Penulis:Agus Maulidin
Editor: Redaksi

Indcyber,com,Balangan- Anggota Dewan Perwakilan Rakyat Daerah (DPRD) Balangan angkat suara terhadap Pemutusan Hubungan Kerja (PHK) seiring berakhirnya, Perjanjian Kontrak Waktu Tertentu (PKWT) sembilan orang karyawan PT. Saptaindra sejati (SIS) Sera.

Perwakilan PT SIS Sera, Hadi Utama menganggap berakhirnya Perjanjian Kontrak Waktu Tertentu (PKWT) memang suatu hal yang biasa dan sudah sesuai dengan ketentuan yang berlaku, serta tidak ada niat dan itikad tidak baik untuk tidak mempekerjakan tenaga kerja lokal untuk PT SIS.
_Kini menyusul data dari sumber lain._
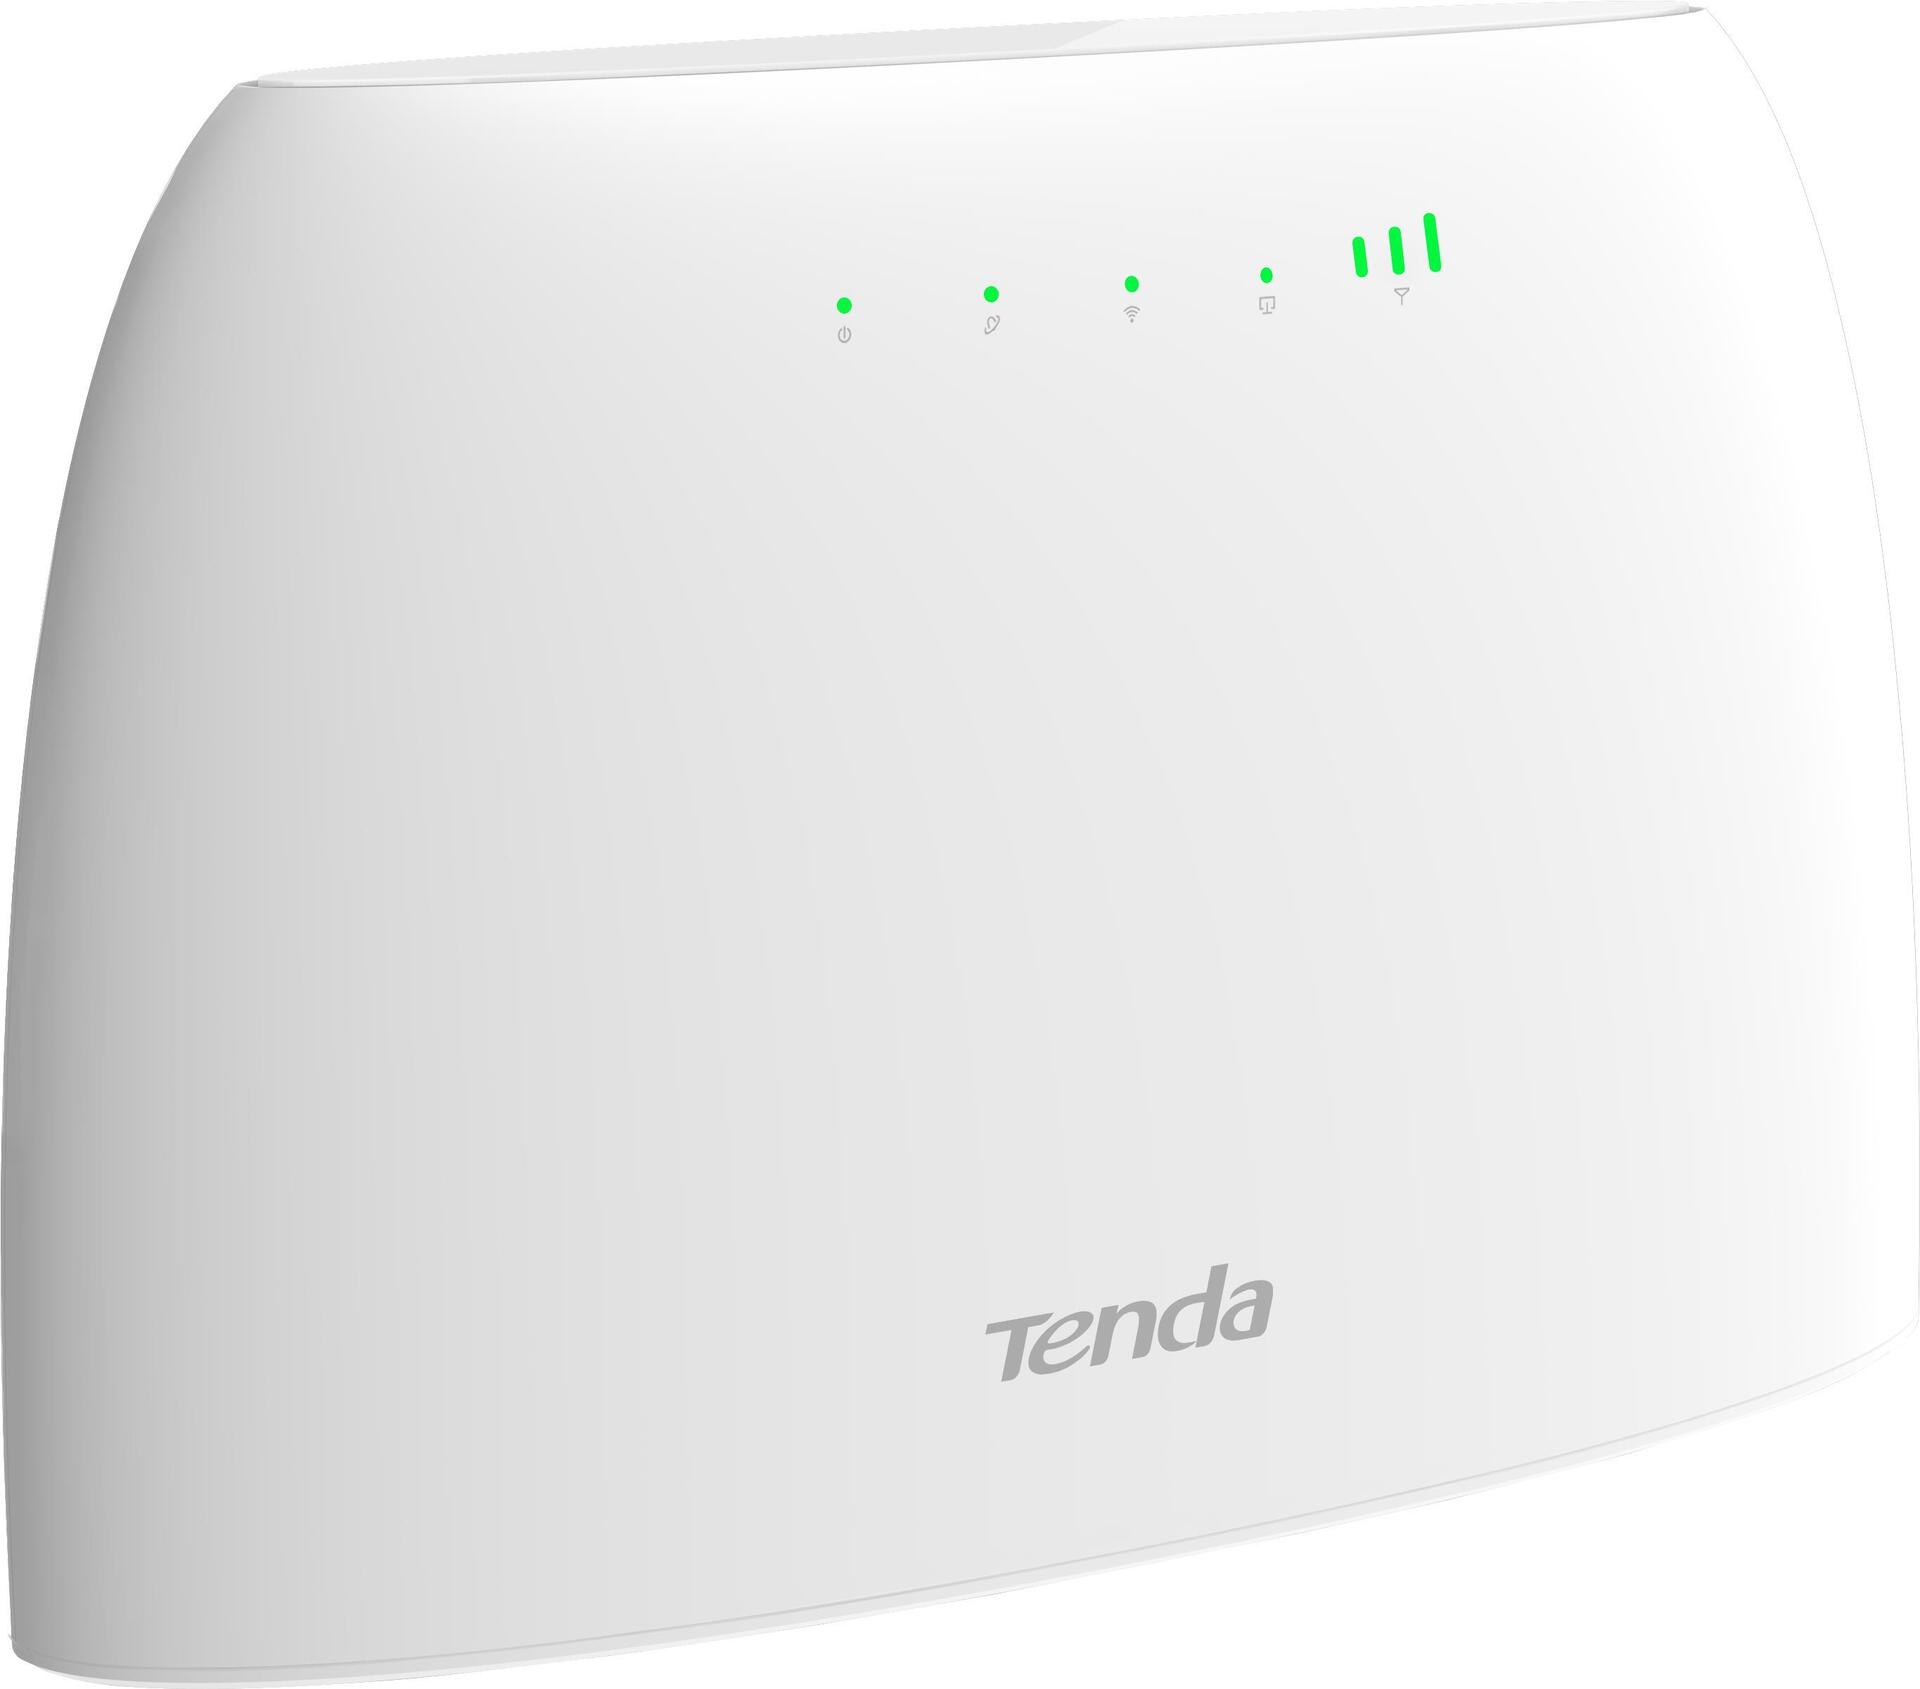 Tenda N300 WLAN Router Schnelles Ethernet Einzelband (2,4GHz) 3G 4G Weiß (4G03)  - Onlineshop JACOB Elektronik

“Kami dari Perusahaan selalu berkomitmen selalu mendukung Pemda mengenai ketenagakerjaan dan untuk berakhirnya PKWT hal yang biasa,” katanya di hadapan awak media.

Selanjutnya ia mengungkapkan bahwa untuk situasi yang saat ini ada masih menunggu tahapan selanjutnya untuk mediasi sehingga dapat menentukan nasib mereka.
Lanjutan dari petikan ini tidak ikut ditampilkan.